FWIW paying ANY attention to the whining, Even reprimanding the dog is only reinforcing it. You must IGNORE it and pay attention to him, have fun only when he is good!


----------



## Jo_in_TX (Feb 14, 2012)

You know, just because he can "hold it" until 7:30 or later doesn't mean that it's comfortable to do so.

Kinda' like me in the car on a road trip - when I gotta' go I gotta' go, and hubby is going to hear about it. 

Good luck!


----------



## Sevastra (Mar 19, 2012)

My pup is very vocal as well during play and talking back to me when I'm talking to him. He goes in his crate anywhere from 11 to 11:30 at night sometimes though its rare at 12:00. But hes out by 6:30 in the morning, the lastest maybe 7:00. He's almost 6 months now but I can't expect him to stay in there any longer though he does excellent in his crate, like i said he is very vocal but no whinning when he goes in and no whinning in the morning, but i know he is up cause i can hear him playing with his toys in there. Is your pup getting enough excerise so that he's tired by the time he is ready for bed? Maybe you just have a dog that can't be still for that long of a time.


----------



## PupperLove (Apr 10, 2010)

Jackson is very vocal too. It is very annoying- at times it just makes me cringe. There's really not much you can do about it other than NOT giving into the whine. It's really hard and sometimes you need to let it go on for a while. If he whines and you give him what he wants, he now knows how to get your attention...by making lots of noise.

Jackson used to sit at the door and scream and whine like he wsa in pain because he was excited to go outside. I make him sit and DO NOT open the door until he is quiet. He has gotten much better but it takes a very long time- at least it has for us. 

He whines when I prepare his meals, he whines when he knows I am letting him out of his crate. I pause midway until he stops and sometimes we are sitting there for 5 minutes. Sometimes it takes a half hour to get him out of his crate. When he whines as I'm approaching I tell him quiet, and if he makes noise I turn around and try again in 30 seconds. And repeat, and repeat, and repeat. What's funny is he is now pretty much quiet for me, and when my husband is home on the weekends, he's making all sorts of screaming/whining noises because he knows 'dad' gives in right away. They're smart animals.


----------



## chelle (Feb 1, 2009)

luke4275 said:


> My male pup is almost 9 months old.. neutered 3 months ago. It seems that I got stuck with a vocal dog. I didnt know vocal sheps exist, but yes they do. Is there ever a fix? Here is wht happens. I put him in his crate at 11-12at nite and he is fine in there.
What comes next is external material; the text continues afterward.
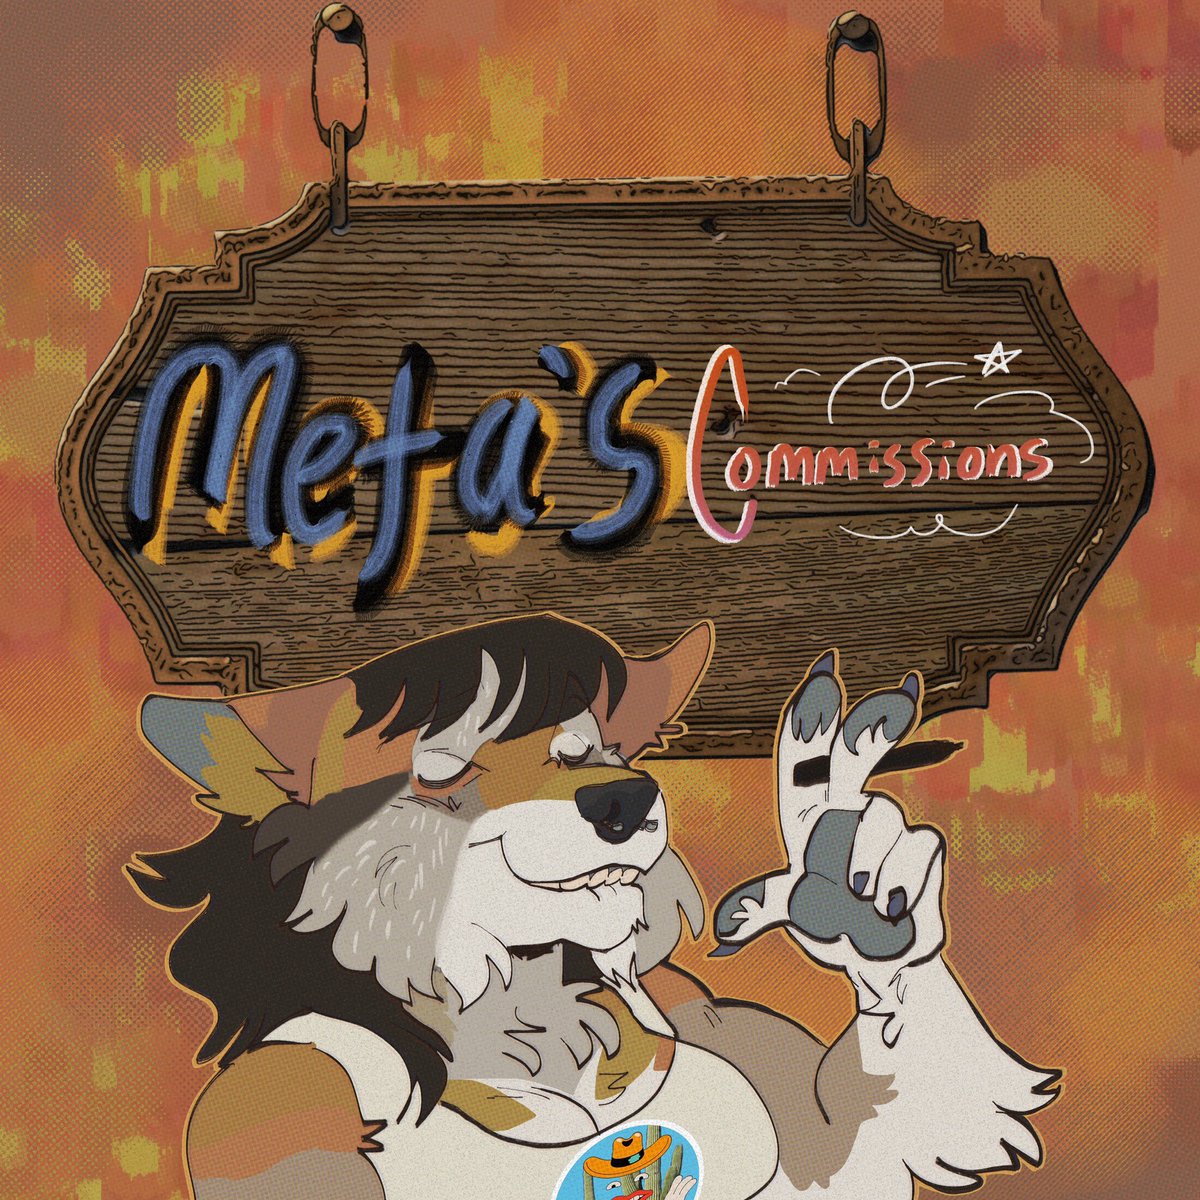 🌲🌞🍂🌾🌲 ———————— com/mission info thread! - p.s all my com/missions r paid via p4yp4l ! - dms are open for inquiries, rts and likes very appreciated!! ———————— IG: metastatiic TT: metastatiic TH: metastatiic 🌲🌞🍂🌾🌲

Sometimes, he'll go in the crate just because,, not often but enought so I know he's crate cool. Every morning, like clockwork, he starts to whine, stretch and sigh, just make a so much noise, that it wakes me and I cannot sleep. So, I get up and take him out, feed him and *off to doggy day care*, and once in a while, back into the crate after potty and eat and drink. He also makes a ton of noise when he chases the cat around the house.. when the cat climbs onto the cattree, he whines in frustration, as he will also do if he wants to get into a room that is closed. the only time he is quiet is when he is sleeping. *I love this dog and hate him as well*. *I dont think there is any fix*. I was told to just get up before he starts to make his noises, etc, But I won't do that. The cat is a bit of a tease as well. he loves the dog, but will tease him as well. My dog trainer calls the cat stressor. This pup is also high energy. Even after 6 months of going in the car every day to doggy day care, he drools and vomits once in a while. He isnt a nervous type dog, except for rides in the car. I did intro the car well, with treats etc, but what can I say. The car is not a big deal. I just wish he would let me sleep for a few more hours. My house is small enough where I can hear him in any room. And he cannot be left out of the crate at nite. Left alone, he'll counter surf, garbage surf, chew on the wall edges, etc, so he is never left out of my sight for more that a minute or less. Any ideas? He is a very sweet dog, and gets along very well with other dogs so this is a big plus.


Bailey is whiny and demanding when he hasn't gotten enough mental and physical exercise. You didn't say what you're doing on those accounts and it might be a big reason why the pup is behaving this way. Boredom, lack of stimulation, lack of exercise. If doggy daycare is the only outlet for him, it is no wonder he is behaving this way. 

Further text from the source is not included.